(DATASET SECTION)

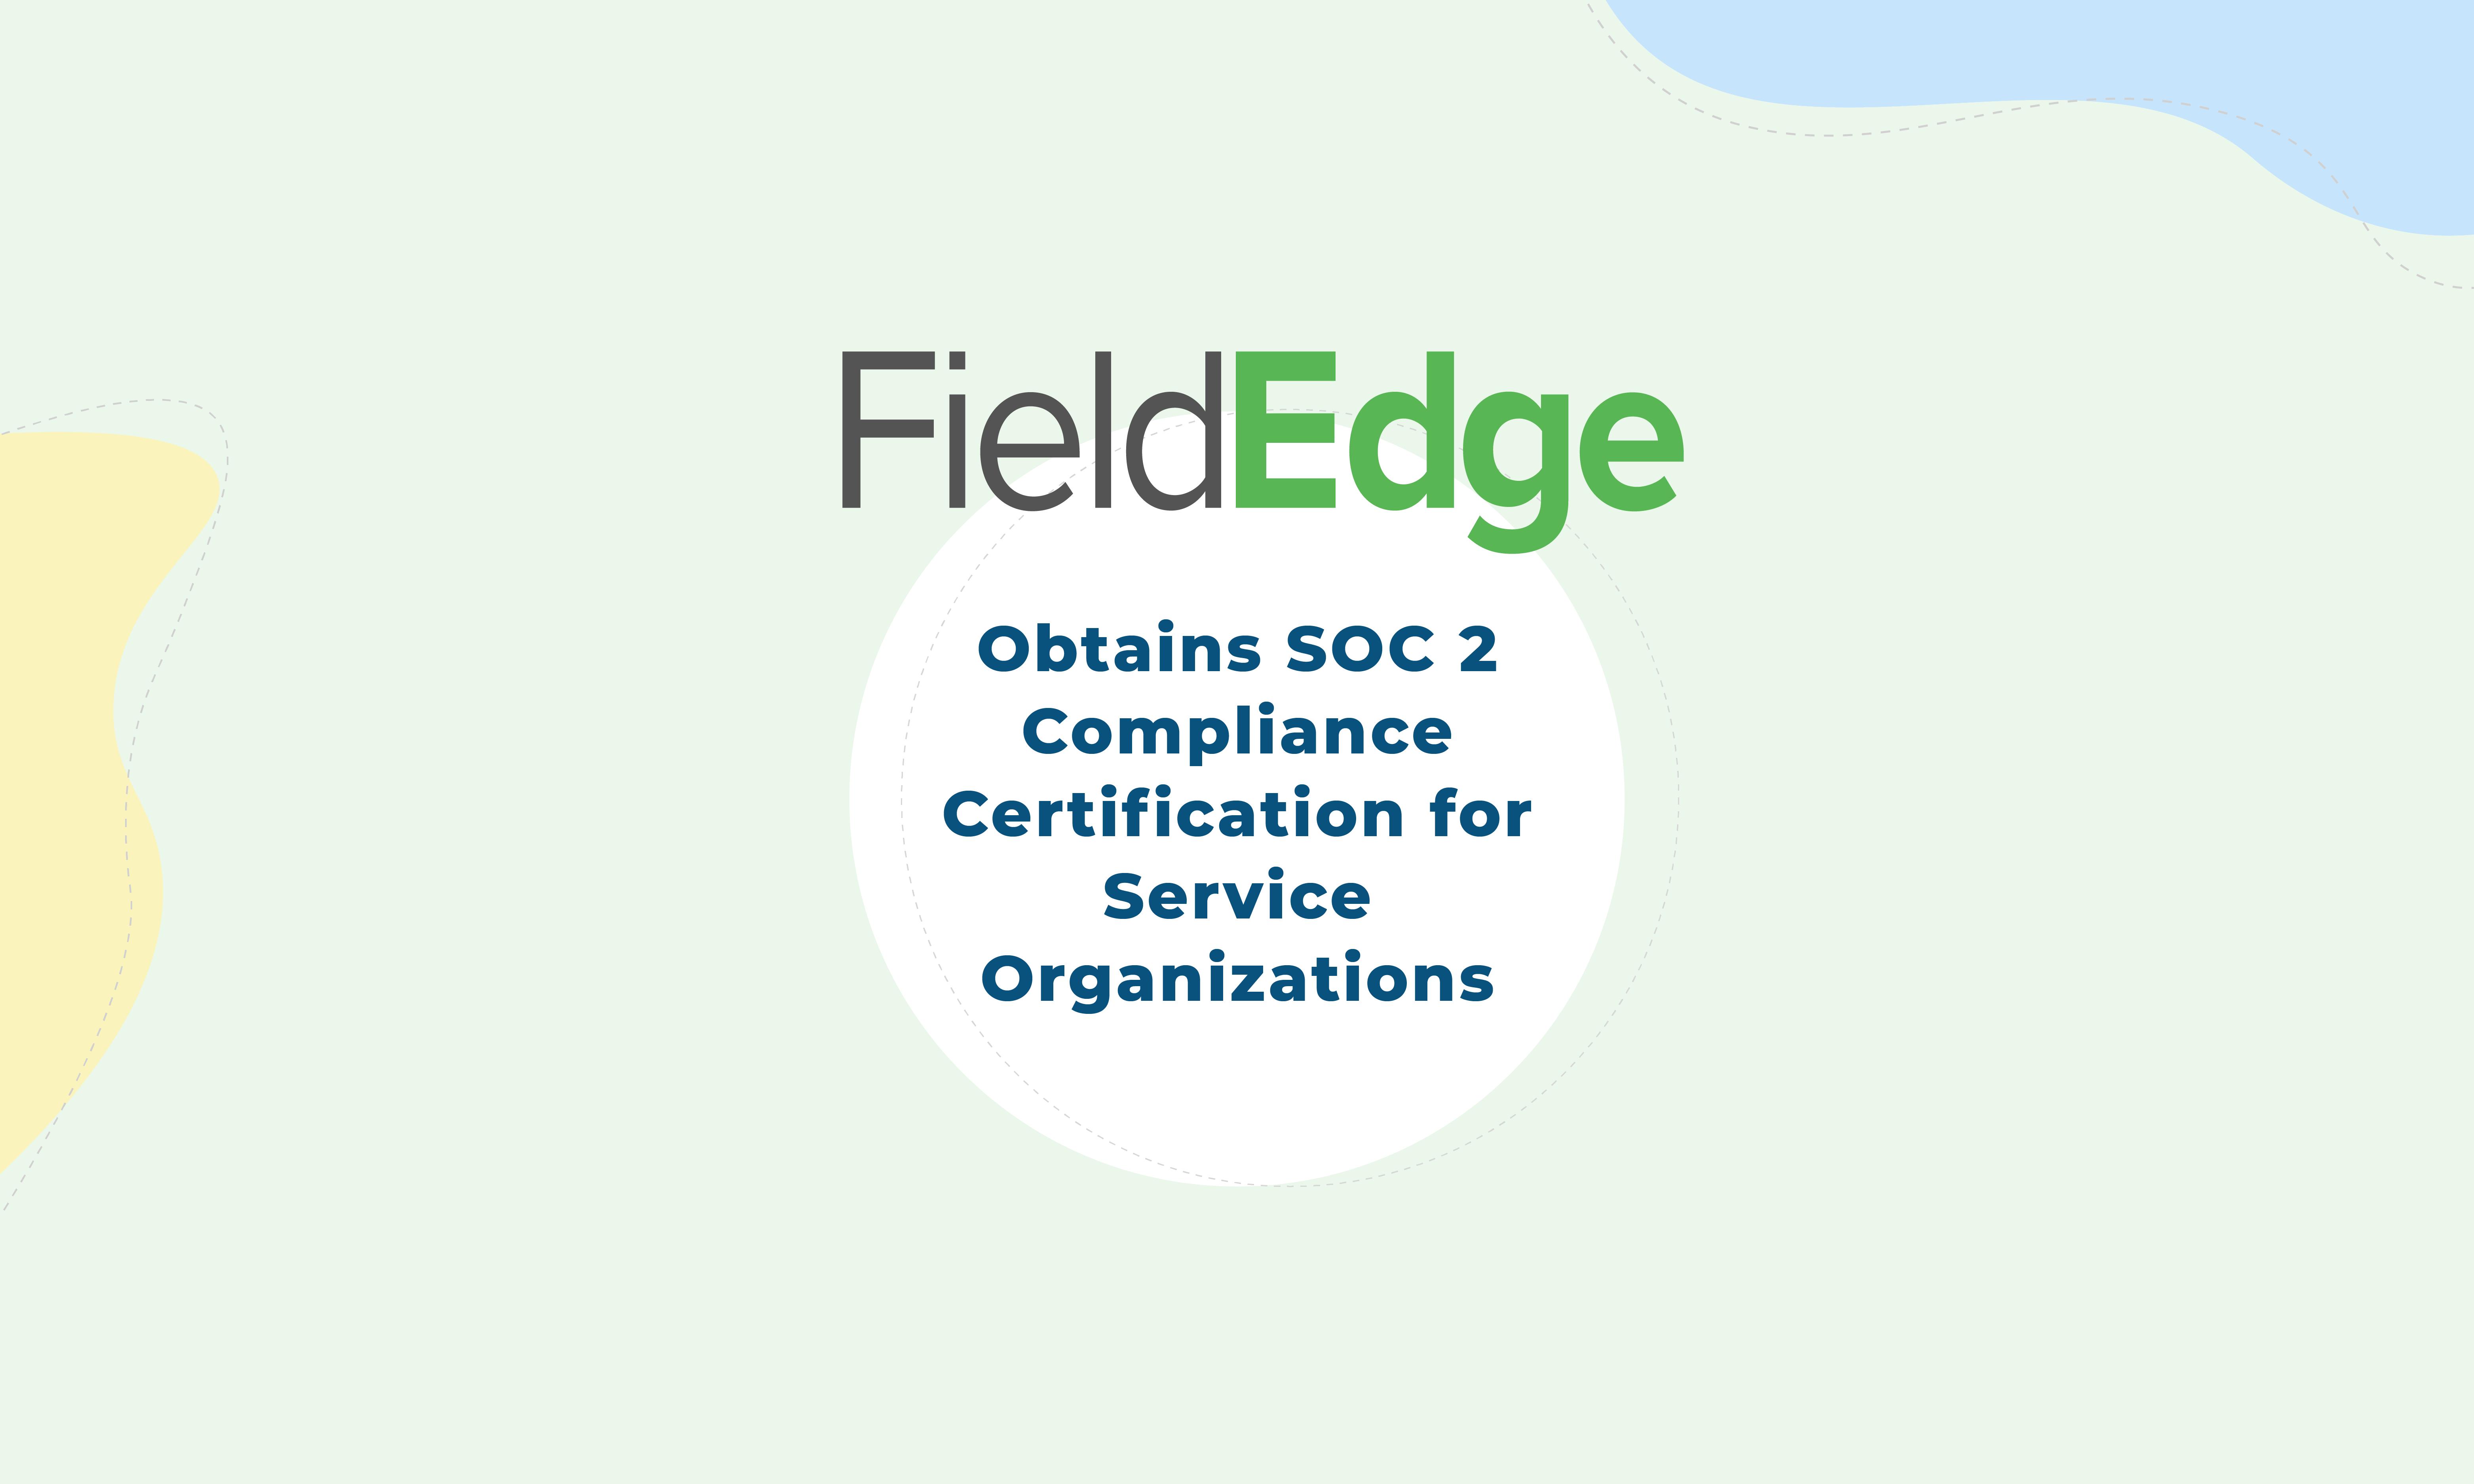 fieldedge soc 2 compliance
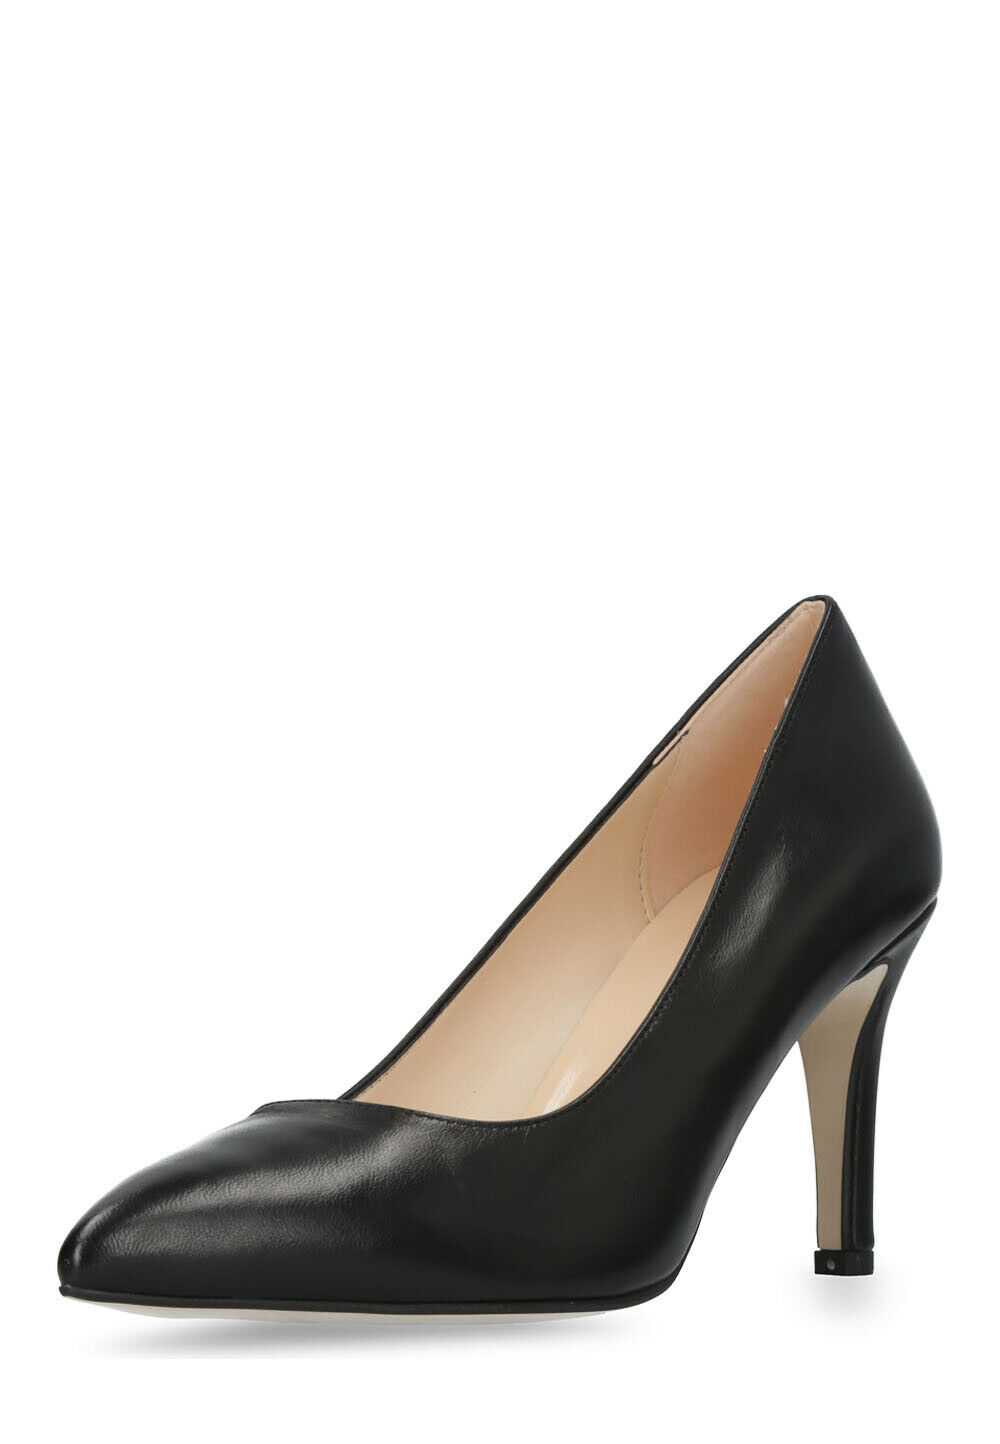 CAFE schwarz Damen Pumps High Heels Schuhe echt Leder Größe 39 38
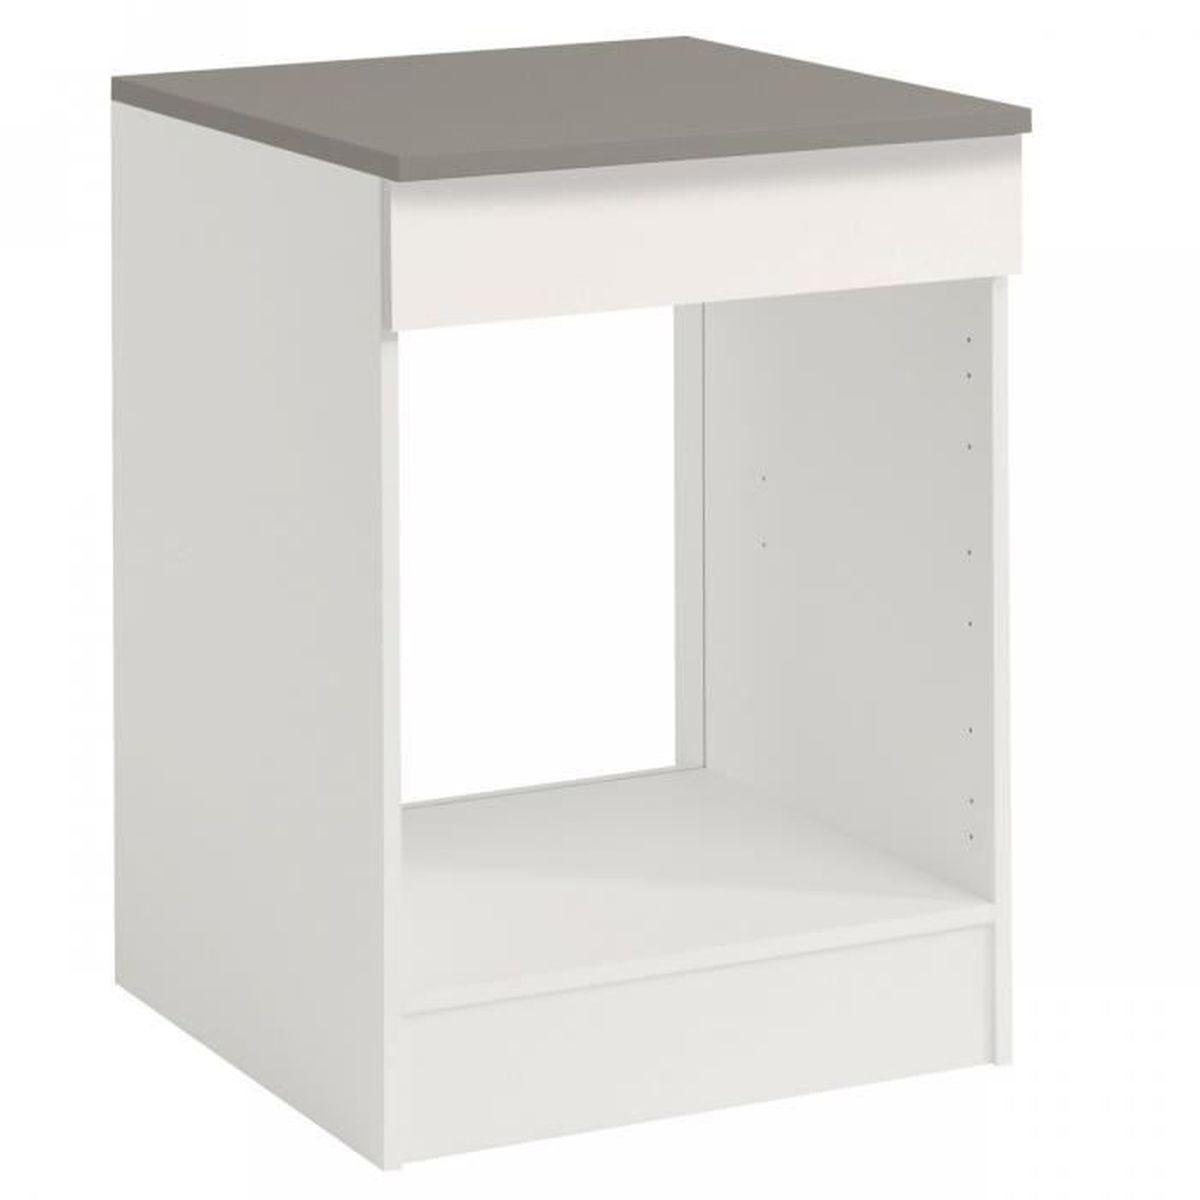 Meuble Four Plaque Induction luna blanc - meuble four 60cm - achat / vente elements bas

(End DATASET SECTION)

TASK OBJECTIVE: For this exercise, return the data above exactly and leave every picture out.

FINAL ANSWER:
 fieldedge soc 2 compliance
 CAFE schwarz Damen Pumps High Heels Schuhe echt Leder Größe 39 38
 Meuble Four Plaque Induction luna blanc - meuble four 60cm - achat / vente elements bas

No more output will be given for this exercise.